When two were on the ball, Durant made obvious passes that Boston was ready for. When he penetrated past the initial layer of defense, help was waiting. The Celtics didn’t care about Bruce Brown.

“Nothing against Dragic, but it was KD to the rim wide open or Dragic with a three,” Marcus Smart told the Boston Globe about the play below. “I’m taking my chances, and I’m picking KD.”

Going one-on-one against Jayson Tatum, his primary defender, was no picnic, either. There aren’t too many players alive who can hit a turnaround over Durant on one play and then come down and block his fadeaway. (Tatum also swatted a side-step three by Irving with a little more than six minutes remaining in a one-possession game. He’ll make several All-Defensive teams in his career.)

As a whole, this is what the Celtics have done all season long. Tatum, Smart, Horford, White, Jaylen Brown and Grant Williams all have terrific instincts on the ball, help the helper and play like a grabby NFL secondary that knows a yellow flag can’t be tossed on every single play. Holding, bumping, shoving. Here’s Williams, late in the third quarter, still refusing to cede a millimeter.

Fouls are treated as the cost of doing business. Durant will drill insanely difficult shots because that’s who he is, but if every possession going forward is as much of a grind as what he went through in Game 1, this series may not last long.

At the same time, there were also a few plays in which Boston’s aggressive strategy backfired, be it on a late driving layup by Irving where Horford refused to budge off Durant in the strongside corner or an earlier dunk by Claxton, wide open underneath the rim because Tatum and Horford were glued to Brooklyn’s best player.

The blueprint to neutralize Durant over the course of 48 minutes might not exist.

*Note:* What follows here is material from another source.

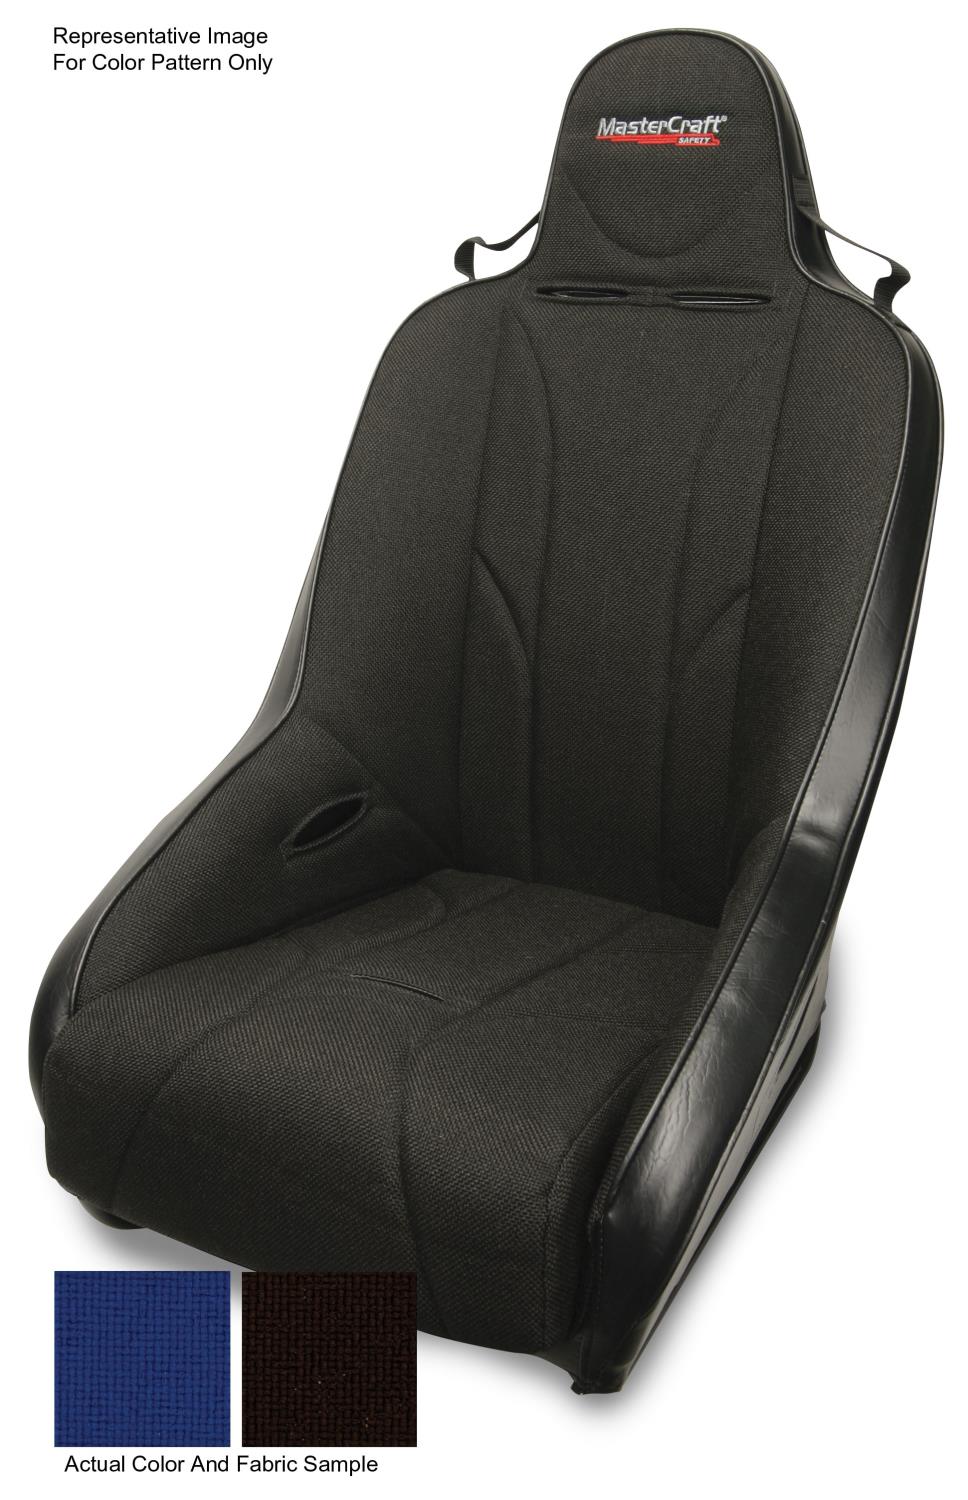 561213 2 in. WIDER PROSeat w/Fixed Headrest, Black with Black Fabric Removable Cushion, Blue Side Panels, Black Band

But the Celtics came close in Game 1, nearly executing a mentally and physically exhausting game plan to perfection. That’s the good news. The bad news is they still almost lost, and, in all likelihood, Durant won’t play as poorly again. The Nets have yet to turn him into their point guard, which helped him eviscerate the Bucks during last year’s second round (a series Milwaukee eventually won, despite KD’s frequent abuse of a dropping Brook Lopez). Even when no mistakes are made and maximum effort is applied, this man will humble you.

But if any team in the league can accurately say it’s built for this type of challenge (even without Robert Williams III), it’s the Celtics. Defenses around the league have every reason to be anxious over Durant. At the same time, great offensive talents have every reason to feel the same way about Boston’s defense.